O que está por trás da mais recente explosão de violência no Rio?
Os conflitos armados no Rio de Janeiro têm um motor central, a disputa de mercados ilegais altamente lucrativos de um lado, uma enorme oferta de armas de fogo, um setor minoritário, pobre, disposto a arriscar a vida por lucros rápidos, não necessariamente grandes, e por fim uma política pública que aumenta ainda mais a violência e os conflitos armados.

Em agosto de 1987, o Rio presenciou a primeira guerra entre narcotraficantes que ficou conhecida como a Guerra do Dona Marta, decorrida numa favela com o mesmo nome, localizada na Zona Sul, e mundialmente conhecida por ter sido palco do video de Michael Jackson “They Don’t care about us”.

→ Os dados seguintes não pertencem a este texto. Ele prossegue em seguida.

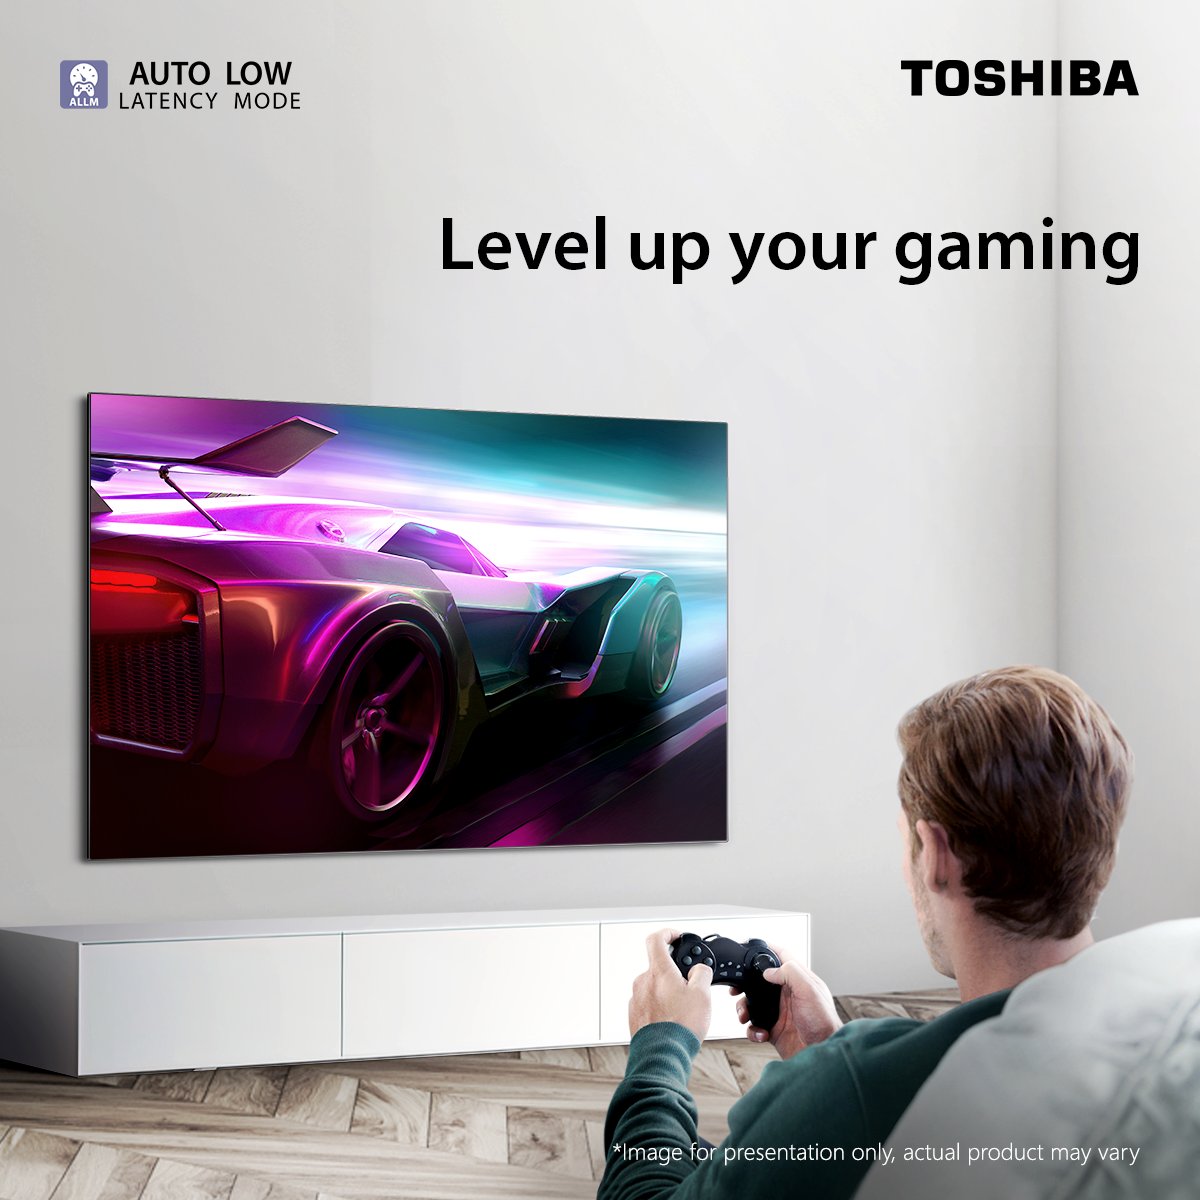 Toshiba TV Global on X: Level up your gaming with the Toshiba TV Auto Low  Latency Mode (ALLM). Experience smooth, lag-free viewing & interactivity.  Say goodbye to lag and hello to real-time
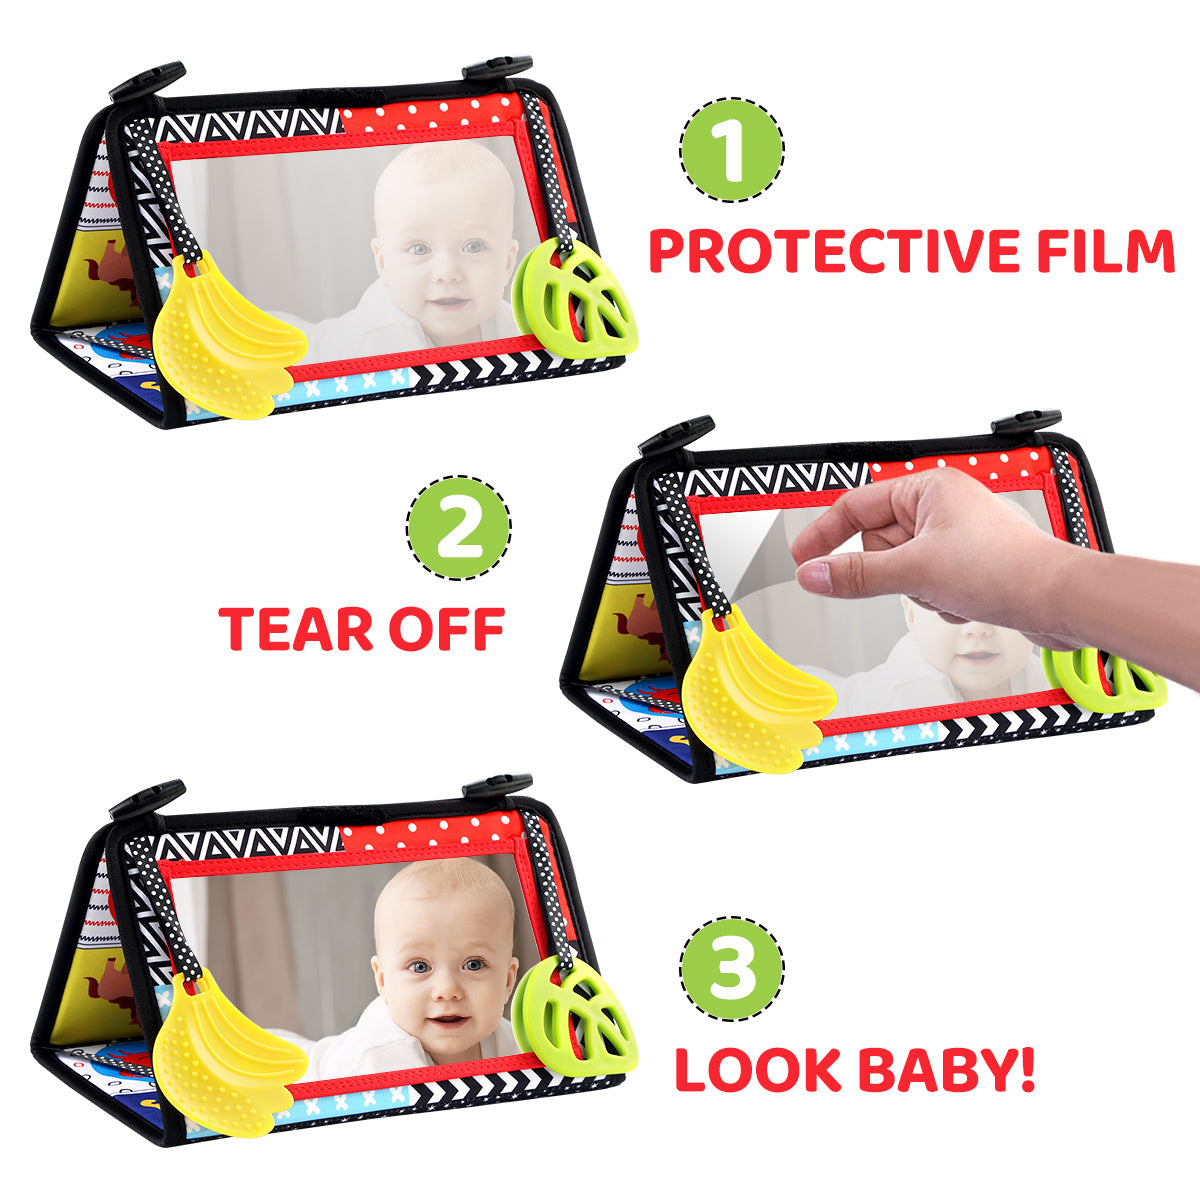 Joyfia Tummy Time Floor Mirror, High Contrast Baby Book, Soft Crinkle Cloth Book with Teethers, Activity Sensory Developmental Gift Toys for Infants Newborn Boys Girls 0-12 Months

Cabeludo, ligado ao Comando Vermelho, invadiu a favela para retomar os pontos de venda de drogas em poder do ex-PM Zacarias Gonçalves da Rosa Neto, o Zaca. Durante seis dias, as duas quadrilhas se enfrentaram, com intensas trocas de tiros de metralhadoras, escopetas, pistolas automáticas e até lançamento de granadas. Desde então os conflitos armados não só não cessaram como se expandiram para toda a cidade e região metropolitana. Tiroteios com armas de grande porte fazem parte do cotidiano de quem vive no Rio. Mas há momentos que os conflitos se exacerbam ao ponto de chocar quem já naturalizou uma realidade conflagrada. Estamos vivendo um desses momentos.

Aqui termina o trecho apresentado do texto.